### Supplied material
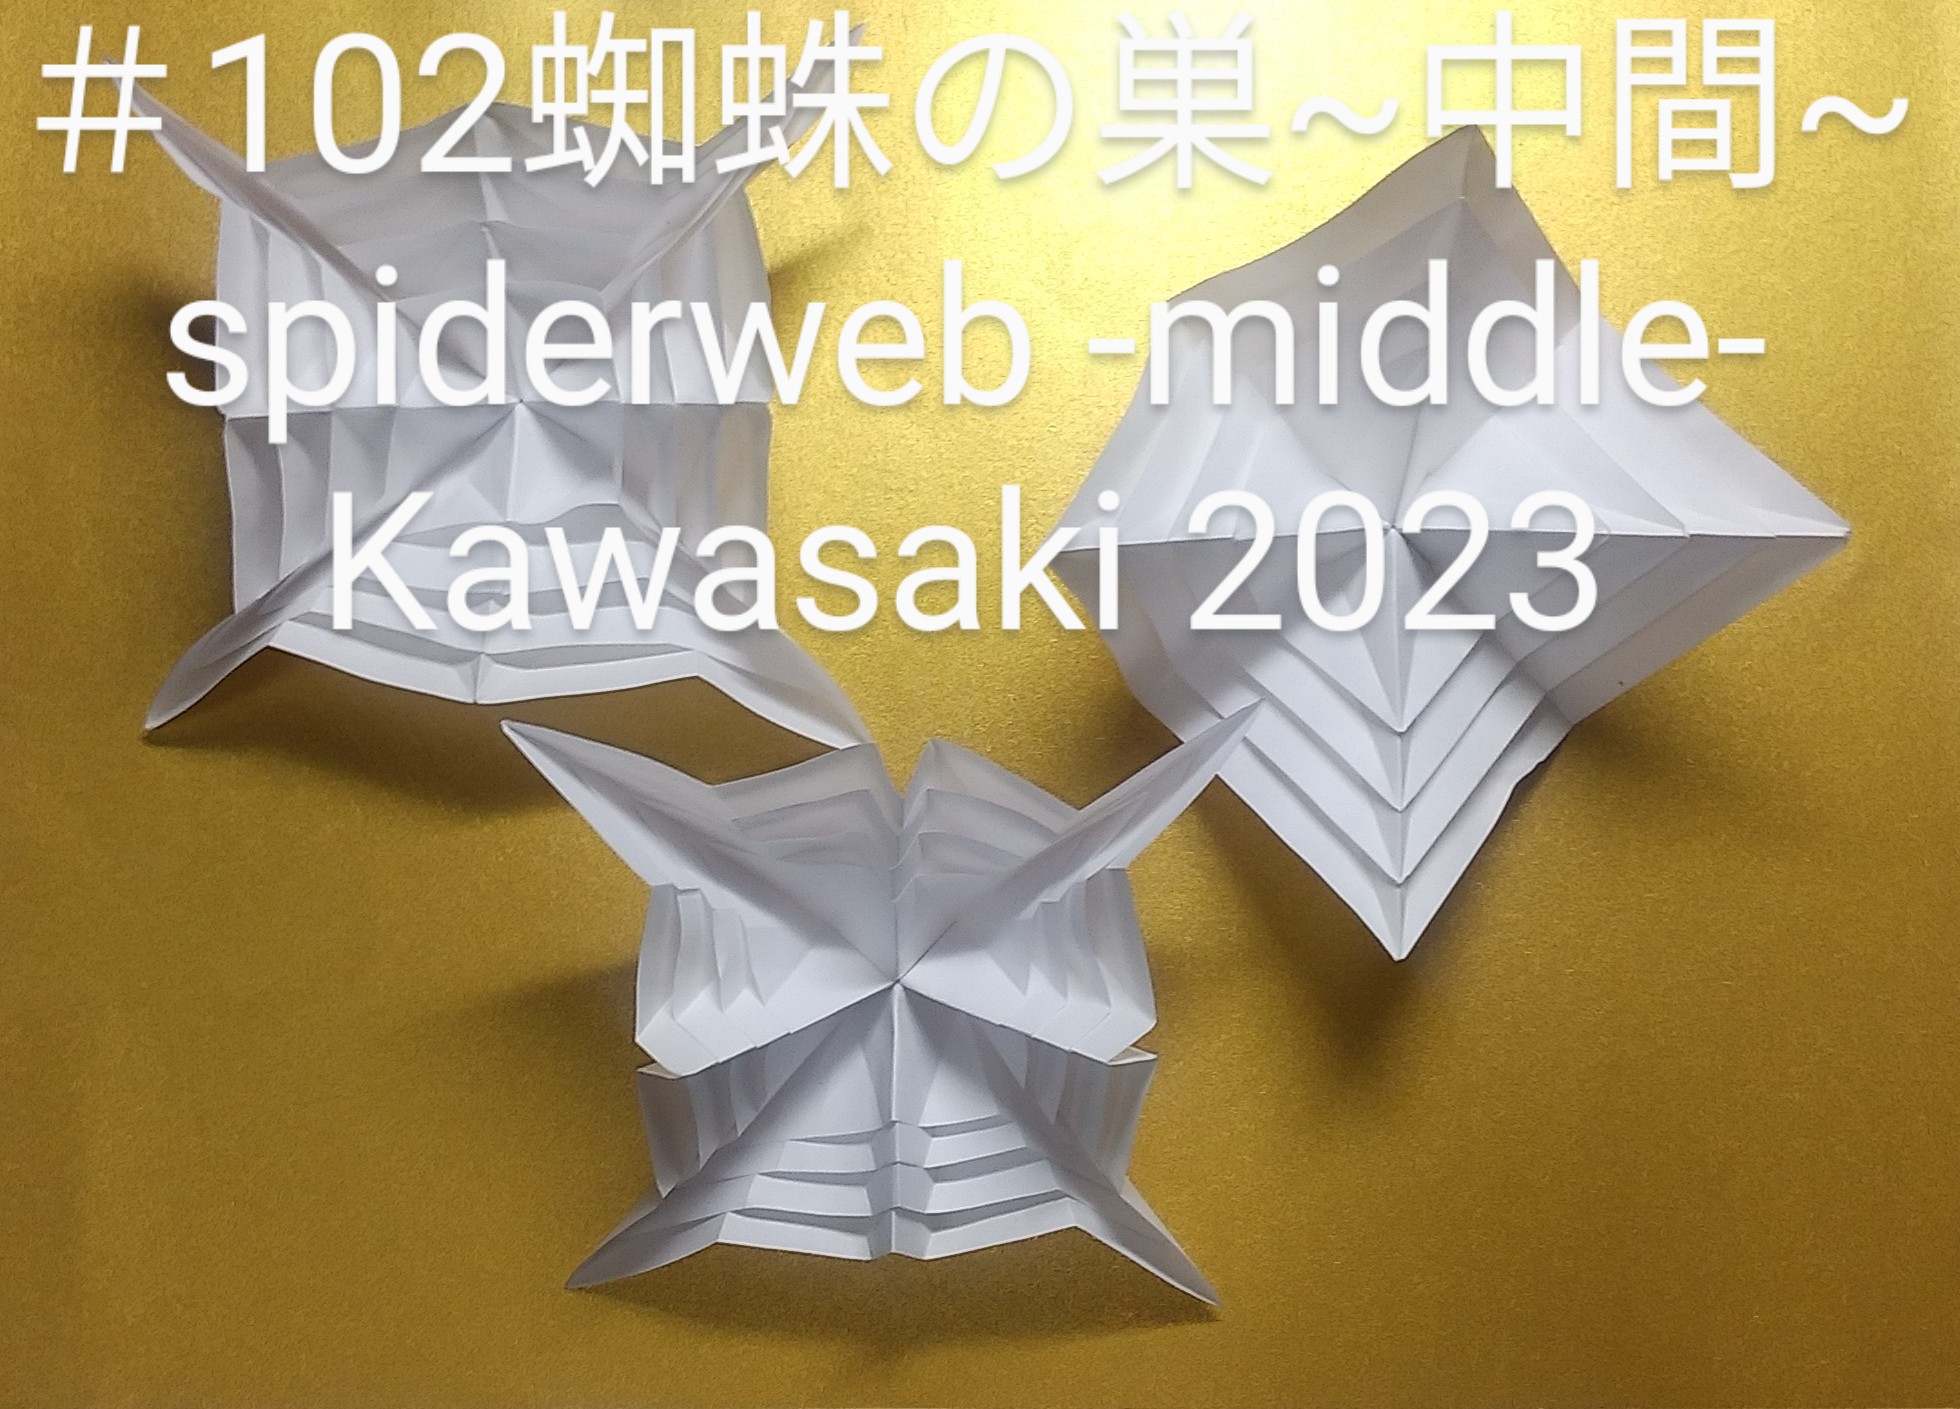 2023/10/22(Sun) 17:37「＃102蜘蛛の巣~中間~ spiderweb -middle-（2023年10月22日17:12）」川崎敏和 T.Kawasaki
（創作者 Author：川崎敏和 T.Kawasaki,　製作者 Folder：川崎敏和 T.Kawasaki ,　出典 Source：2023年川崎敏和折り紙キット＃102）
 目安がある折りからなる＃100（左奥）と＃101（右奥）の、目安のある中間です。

### Task to complete
Write the listing out exactly, apart from its pictures.

### Output below
 2023/10/22(Sun) 17:37「＃102蜘蛛の巣~中間~ spiderweb -middle-（2023年10月22日17:12）」川崎敏和 T.Kawasaki
（創作者 Author：川崎敏和 T.Kawasaki,　製作者 Folder：川崎敏和 T.Kawasaki ,　出典 Source：2023年川崎敏和折り紙キット＃102）
 目安がある折りからなる＃100（左奥）と＃101（右奥）の、目安のある中間です。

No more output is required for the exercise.